Vitronectin (VTN)

Vitronectin(VTN) is a glycoprotein synthesized by hepatocytes with a 75 kDa molecular weight and it circulates predominantly as an internally folded and stabilized monomer. VTN is a crucial component of the human extracellular matrix (ECM) and is produced in the liver and secreted into plasma. The N-terminal part of the VTN is composed of a somatomedin-B (SMB) domain followed by a cell receptor binding site characterized by an Arg-Gly-Asp (RGD) sequence. VTN contains four haemopexin-like domains which are predicted as putative haem-binding motifs with unknown function.

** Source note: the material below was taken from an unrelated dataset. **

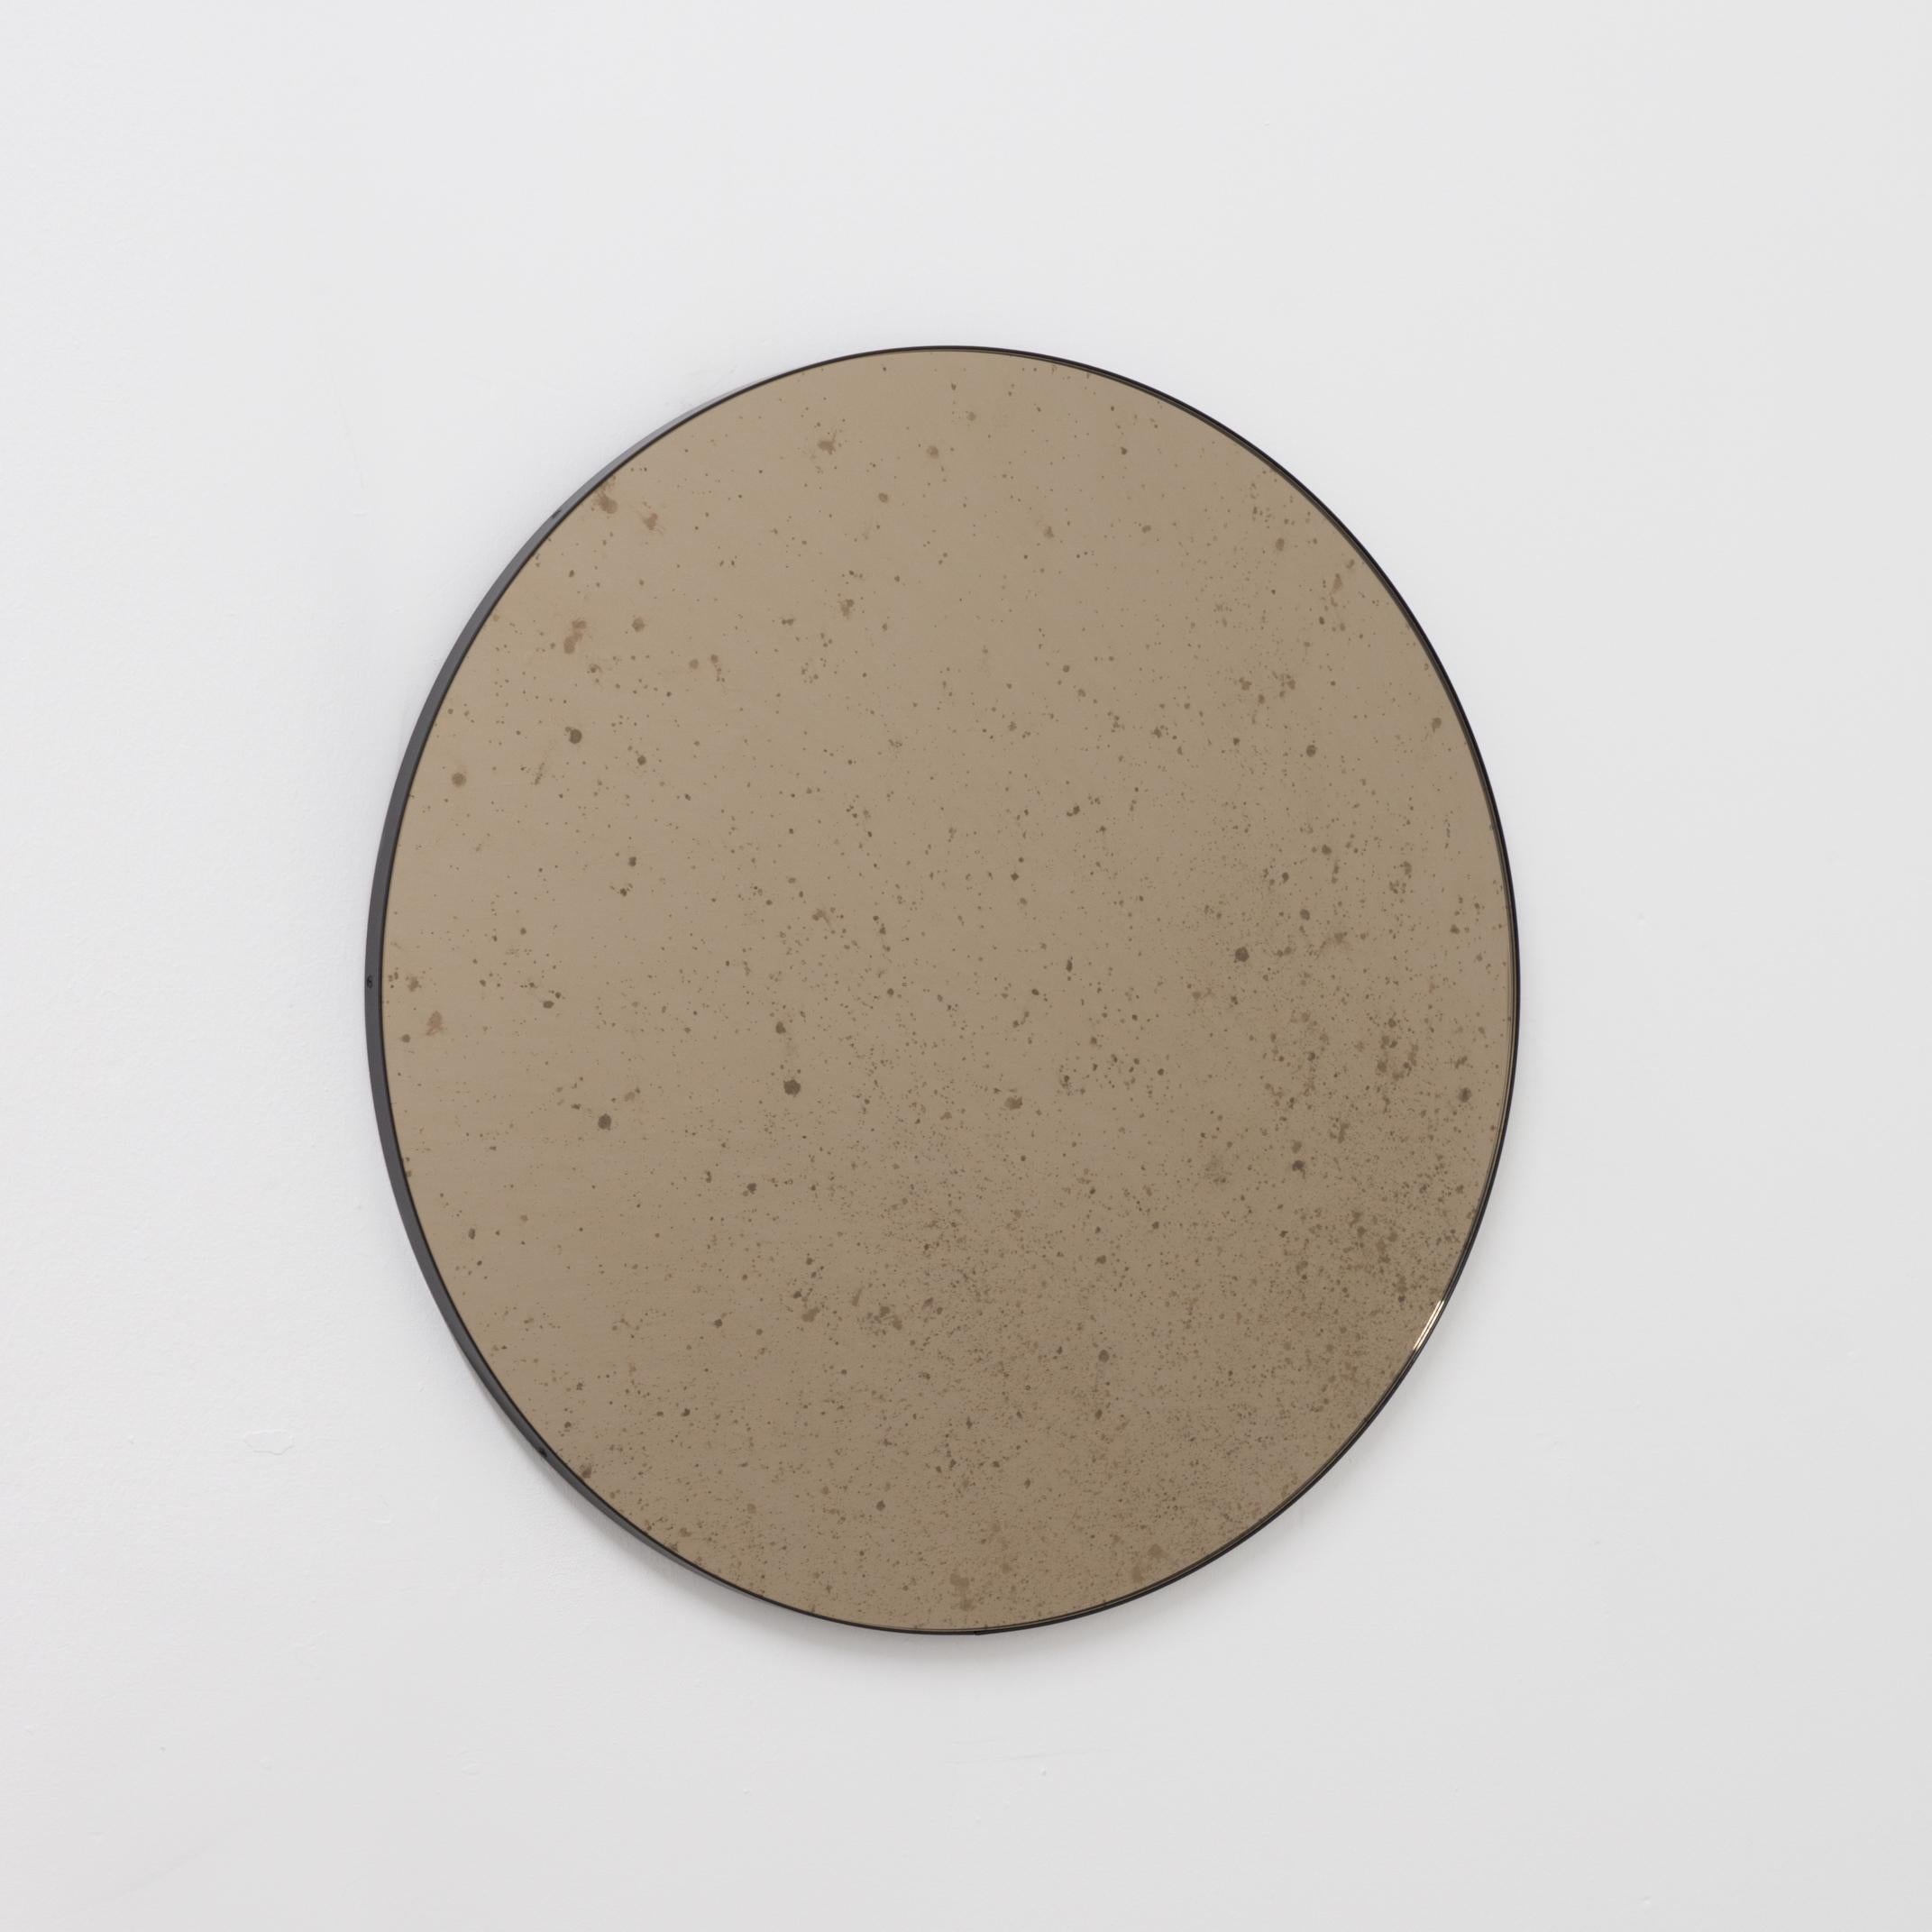 Ravissant miroir rond Orbis™ antiquité teinté de bronze avec un cadre minimaliste en aluminium noir revêtu de poudre. Conçu et fabriqué à la main à Londres, au Royaume-Uni.

Les miroirs de taille moyenne, grande et extra-large (60, 80 et 100 cm)

Vitronectin acts as an essential part of several biological processes, such as cell migration, adhesion, and angiogenesis. Importantly, it is also participating in the regulation of the terminal pathway of complement activation to limit the self-reactivity of the innate immune response. Recently, researchers have demonstrated that many bacterial species interact with VTN, but the functionality of these interactions in pathogenesis has not been fully elucidated. Furthermore, it is also showed that VTN can promote cellular adhesion by interactions with the integrins αvβ1, αvβ3, αvβ5, and αIIbβ3. And, VTN is found at low concentrations in normal extracellular matrices but is raised in chronic inflammatory liver disease where its deposition in the sinusoids is indicative of progressive fibrosis.

Fig.1 Role of VTN as a regulatory molecule for the complement system. (Singh, 2010)

Reference

1. Singh, B., et al. Vitronectin in bacterial pathogenesis: a host protein used in complement escape and cellular invasion. Molecular microbiology. 2010, 78(3), 545-560.